Python TensorFlow Building and Training a Simple Model: Exercise-4 with Solution

Write a Python program that builds a feedforward neural network using TensorFlow with one hidden layer and a sigmoid activation function.

From Wikipedia -
A feedforward neural network (FNN) is one of the two broad types of artificial neural network, characterized by the direction of information flow between its layers. Its flow is uni-directional, meaning that the information in the model flows in only one direction—forward—from the input nodes, through the hidden nodes (if any) and to the output nodes, without any cycles or loops, in contrast to recurrent neural networks, which have bi-directional flow. Modern feedforward networks are trained using the backpropagation method and are colloquially referred to as the "vanilla" neural networks.

Sample Solution:

Python Code:

from tensorflow import keras

# Replace these values with appropriate values for your problem
input_size = 100  # Number of input features
hidden_units = 32  # Number of units in the hidden layer
output_units = 1  # Number of output units (e.g., 1 for binary classification)

# Define the architecture of the neural network
model = keras.Sequential([
    # Input layer (specify input_shape for the first layer)
    keras.layers.Input(shape=(input_size,)),

    # Hidden layer with sigmoid activation
    keras.layers.Dense(units=hidden_units, activation='sigmoid'),

    # Output layer
    keras.layers.Dense(units=output_units, activation='sigmoid')
])

# Compile the model
model.compile(optimizer='adam',
              loss='binary_crossentropy',
              metrics=['accuracy'])

# Print the model summary
model.summary()

Explanation:

In the exercise above -

  • Import TensorFlow and TensorFlow's high-level API keras.
  • Define the neural network architecture using "keras.Sequential". The network consists of an input layer, one hidden layer with a sigmoid activation function, and an output layer with a sigmoid activation function.
  • Compile the model using the compile method. Here we choose an optimizer (e.g., 'adam', 'sgd', 'rmsprop'), a suitable loss function (e.g., 'binary_crossentropy' for binary classification), and any additional evaluation metrics (e.g., 'accuracy').
  • Finally, we print the summary of the model, which provides details about the network's architecture, including the number of parameters in each layer.

Output:

Model: "sequential"
_________________________________________________________________
 Layer (type)                Output Shape              Param #   
=================================================================
 dense_4 (Dense)             (None, 32)                3232      
                                                                 
 dense_5 (Dense)             (None, 1)                 33        
                                                                 
=================================================================
Total params: 3265 (12.75 KB)
Trainable params: 3265 (12.75 KB)
Non-trainable params: 0 (0.00 Byte)

Explanation(Output):

In the exercise above -

Model: "sequential": This line displays the model's name, which is "sequential."

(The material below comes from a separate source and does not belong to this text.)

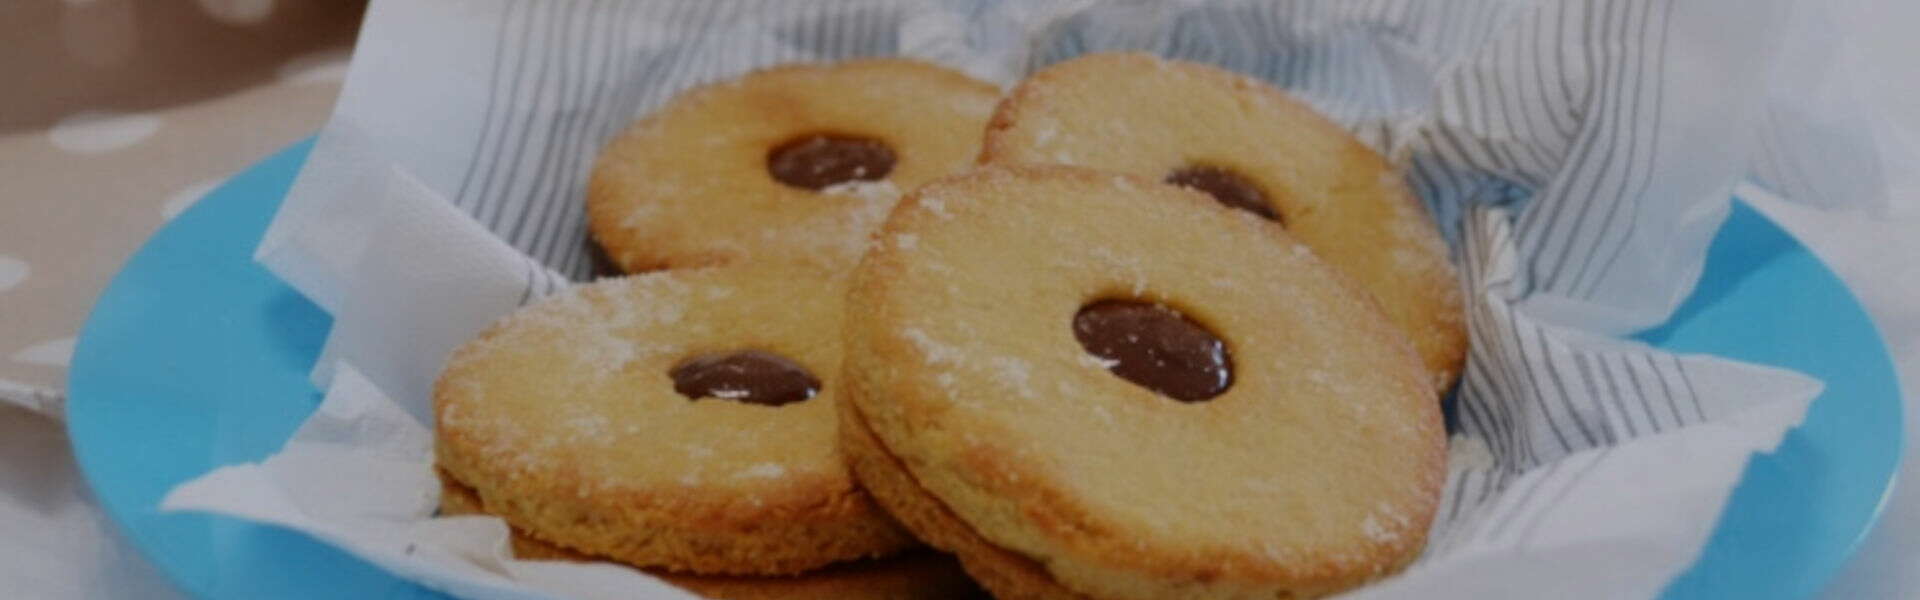 Occhi di bue: la ricetta dei biscotti con un cuore morbido che si scioglie in bocca
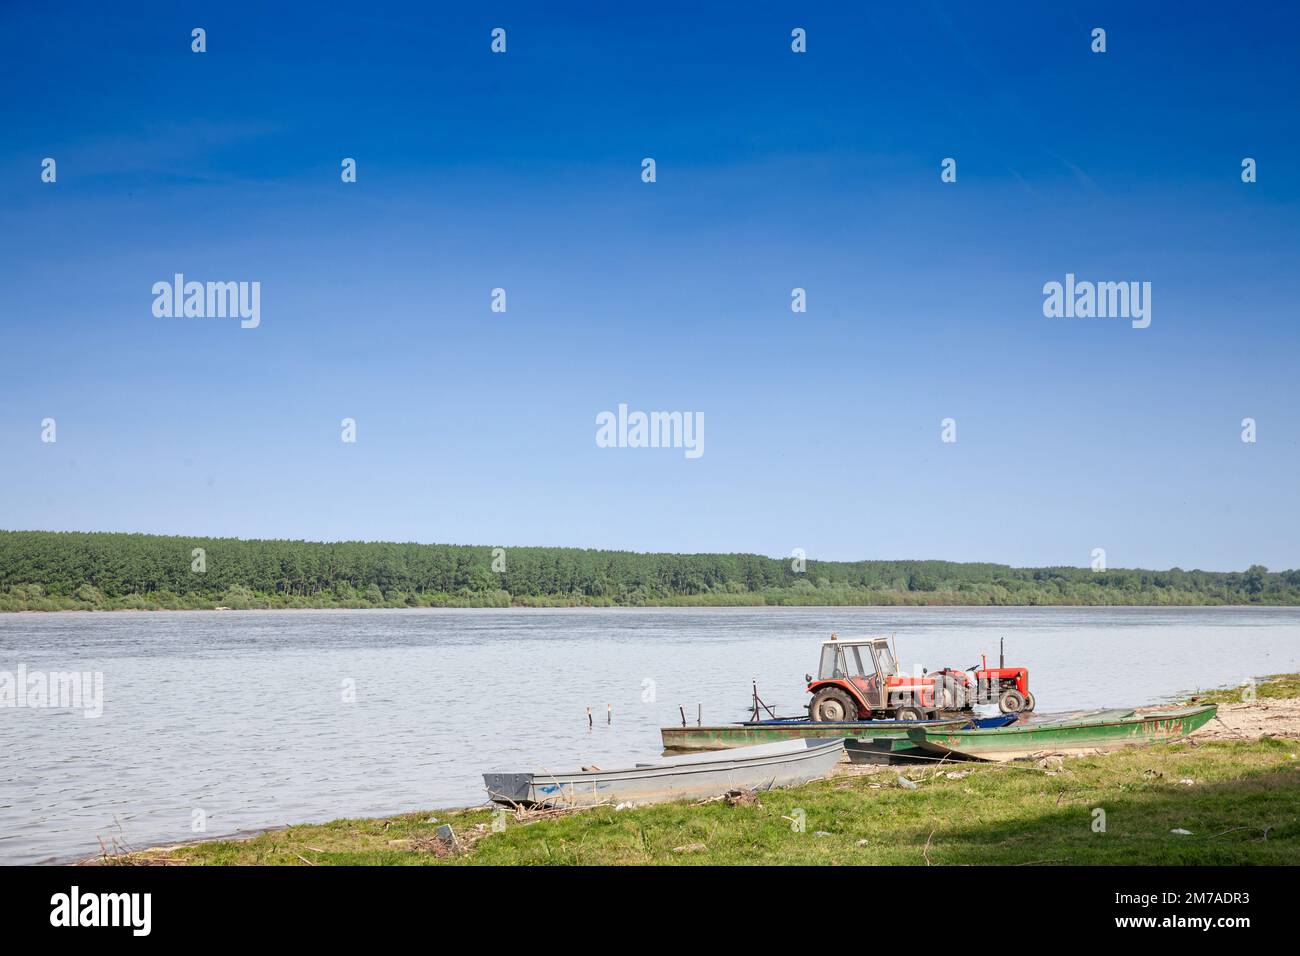 Panorama der Donau in Serbien mit Traktoren am Strand während eines sonnigen Sommernachmittages in Stari Slankamen, Serbien. Die Donau ist Europas sec Stockfoto

Layer (type) Output Shape Param #: This header row specifies the columns in the table below.

  • dense_4 (Dense) (None, 32) 3232: This row corresponds to the hidden layer:
    • dense_4 is the name of the layer.
    • (None, 32) indicates the output shape of the layer, where None represents the batch size, and 32 is the number of units in the layer.
    • 3232 is the total number of parameters (weights and biases) in this layer.
  • dense_5 (Dense) (None, 1) 33: This row corresponds to the output layer:
    • dense_5 is the name of the layer.
    • (None, 1) indicates the output shape of the layer.
    • 33 is the total number of parameters in this layer.

Finally:

  • Total params: 3265 (12.75 KB): This line shows the total number of parameters in the entire model and the approximate memory usage in kilobytes (KB).
  • Trainable params: 3265 (12.75 KB): This line specifies the number of trainable parameters, which are the ones updated during training.
  • Non-trainable params: 0 (0.00 Byte): This line indicates that there are no non-trainable parameters in the model.

The model summary provides a concise overview of the neural network architecture. This makes it easier to understand the model's structure and the number of parameters involved in the training process.

Python Code Editor:


Previous: Performing matrix multiplication with TensorFlow in Python.
Next: Creating a TensorFlow placeholder for 3D Images.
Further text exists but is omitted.